Woo, long blog hiatus! I was busy moving to a new house, and then along came the holidays, so I haven't had much time for robotics or the blog lately. But somehow, I found time to play Dragon Age in the middle of all that. No, I don't mean DA: Inquisition, I mean DA: Origins. I am VERY late to the party. But I suppose with the new game out, this is as good a time as any to talk about where the series started. (This article has mild spoilers.  If you haven't played, I think you can read it without ruining anything.)

DA:O did an excellent job of creating a living fantasy world that I actually felt part of. I could believe myself a Grey Warden, a powerful figure sworn to protect the world from an ancient evil. But the part that has really stuck with me from this story is the amount of free will I had as an actor in it, its propensity for pushing me to make choices in nuanced situations, and its mature take on the results. I'm used to wish-fulfillment from this genre -- games that let me craft the perfect hero story, and if they include much tragedy at all, make it inevitable and not my fault. DA:O is a bit different.

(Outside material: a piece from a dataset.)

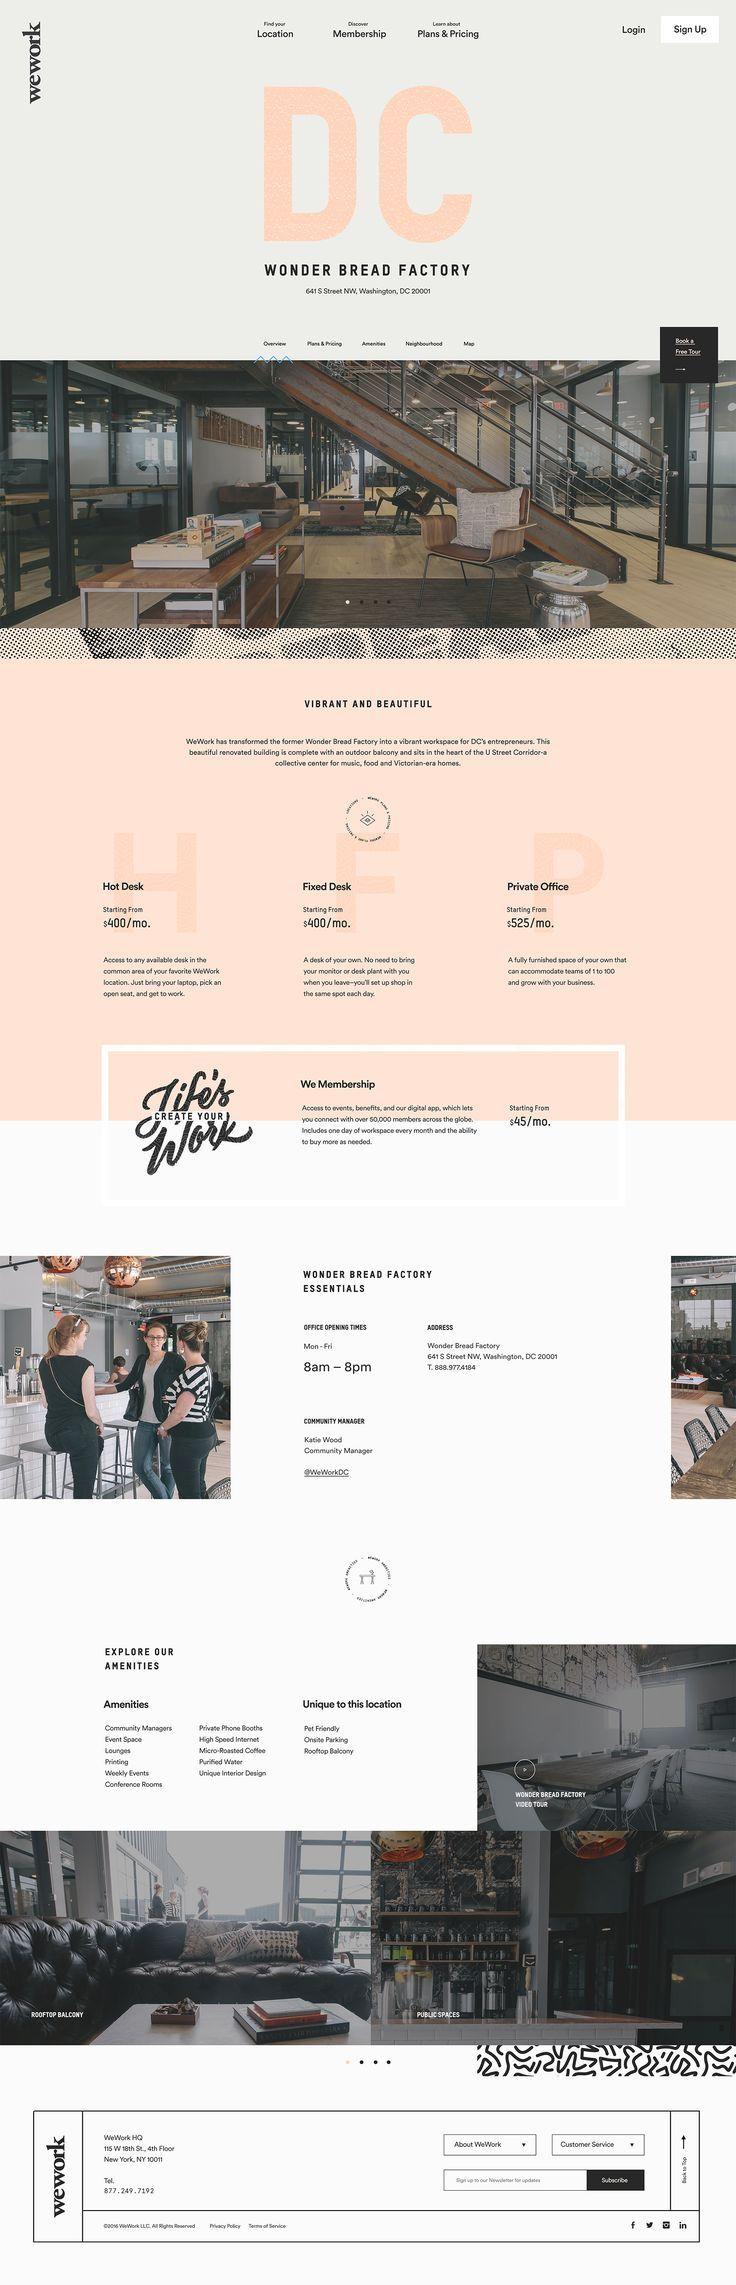 WeWork website concept

I was kind of naive at this point.
Example: this world has golems in it. Awesome. As I dug deeper, I found that the way they are made in this setting is ... not awesome. Eventually, I was faced with a choice: preserve this dread technology and hope against past experience that someone would use it wisely, or discard it, possibly eliminating golems from the world forever. I opted to destroy the means of golem creation. As much as I love golems for reasons of both personal fancy and practicality, there were more important things to preserve here. And this was not the most painful decision the story required me to make, by far.

Thanks to a combination of numerous options and different ways for players to interpret the story, the endgame of DA:O is going to be unique for every person. For me, the path I had followed through earlier parts made it especially pivotal, and having put emotional hooks in me, the plot seemed intent on exploiting them. I was offered the perfect fairy-tale ending ... the one I had been hoping for ... at the price of a couple of sketchy choices. Alternately, I could do what I thought was truly best for the world I was trying to save, but only by giving up what I wanted most in that world. I chose the latter, and the consequences landed. There was no miraculous deliverance, no last-minute "power of true love" or "good karma" or surprise rescue to fix everything. It was miserable and incredible and different from any other game experience I've had. Dragon Age actually made me pay to be a hero, and the payment was my choice.

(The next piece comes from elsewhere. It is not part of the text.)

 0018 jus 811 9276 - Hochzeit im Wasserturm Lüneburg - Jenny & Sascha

Whether literally or figuratively, real heroes bleed.  A lot.
Some part of me wants to replay the game as a slightly less scrupulous character. I could throw self-sacrifice to the winds and get that ending I really wanted. "It's just a video game, you know," says this part of me. "You can do that. You won't actually hurt anything." But whenever I start thinking this way, a second part of me warns that doing this would cheapen the whole experience. As soon as it becomes "just a video game" rather than a world that I embrace on its own terms, I will have lost what really makes it meaningful. As soon as I stop thinking of it as a place where I make morally relevant choices, I won't be a Grey Warden any more. I'll be nothing but a petty escapist, playing at being a hero without caring what's actually involved.

And at the end of the day ... that's not what I want. What I want is to wear my heraldic griffon shirt and feel that in some tiny way, I earned it.

I haven't forgotten about the artificial muscles and other robotics projects, I swear.  Thanks for your patience.

Tuesday, September 30, 2014

Atronach's Eye: Case Build

I took a break from muscles to give the old mechanical eyeball a much-needed upgrade. The changes made in this round of development mostly affected the case. For more information about how the internals of Atronach's eye work, click the “Project Atronach” tag in the right-hand sidebar to see all previous posts.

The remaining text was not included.